I'm configuring gunicorn (monitored by supervisord and behind an nginx frontend) and got a bit confused about the optimal number of processes to setup.
In the documentation it is clearly explained that:
workers = multiprocessing.cpu_count() * 2 + 1
My machine is a quad core so that should count for 9 workers.
But I want to run several applications, each one listening to a different port.
Should the count then be (truncated):
workers_per_application = int(workers / NUM_APPLICATIONS)
Or should each have the above number of workers?
I think this question actually applies not only to gunicorn but to every similar kind of listening server...

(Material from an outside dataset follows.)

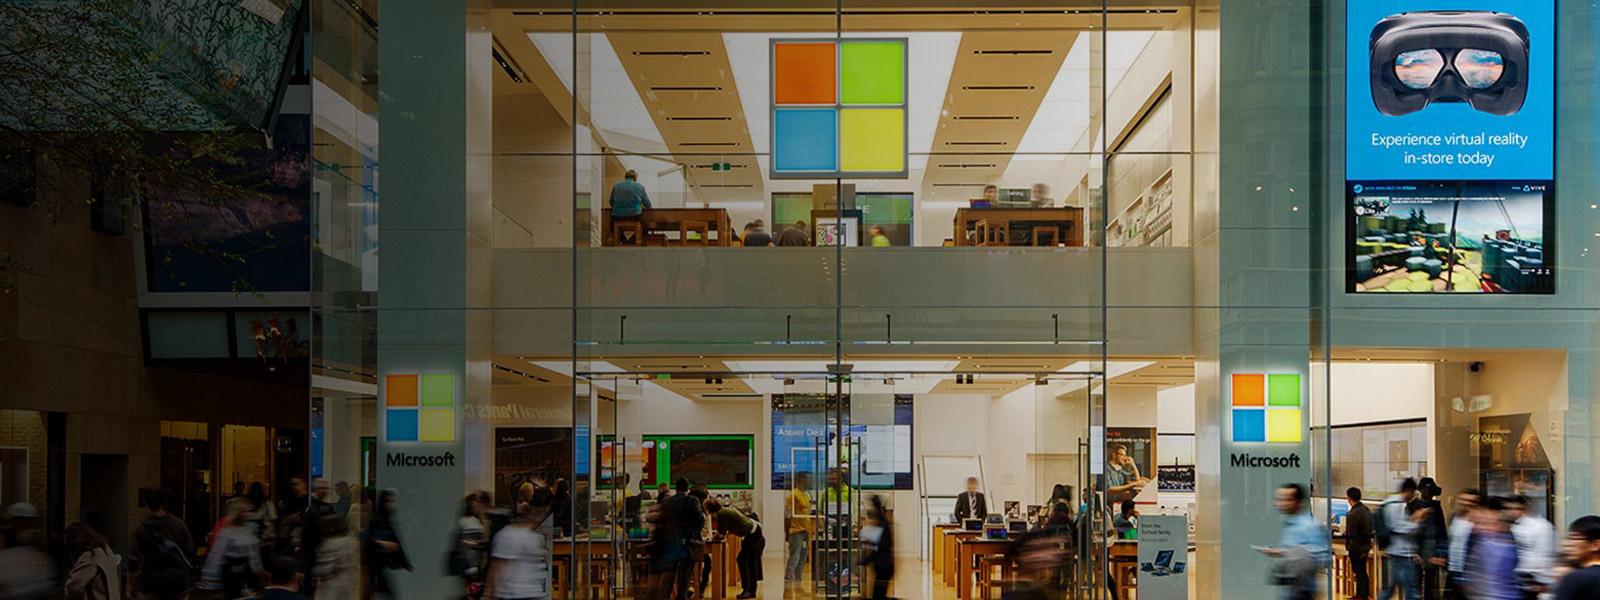 Microsoft Retail Store

Honestly, the workers_per_application is more of a performance tweak to ensure your application can consume 100% of the CPU at any time. It does not mean that it will. You can configure all of your applications to have 9 workers... as long as you keep in mind that there is a potential that one application could be working on something very difficult which would cause another to lag/fail-to-respond in time. The whole "cpu_count() * 2 + 1" thing is a suggestion, at-best... and you can add more to it... or less as you deem necessary. I am not sure if the cpu_count() returns the number of physical processors... or the number of CPU cores. A quad-core + hyper-threading might appear to be 8 cores which would translate as 17 processes... or it might only count as 1 ... translating as 3 processes. Fiddle with it & see what happens.
You may want to set a hard-number for that if you want 2 applications to run equally well without seeing much lag caused by the other.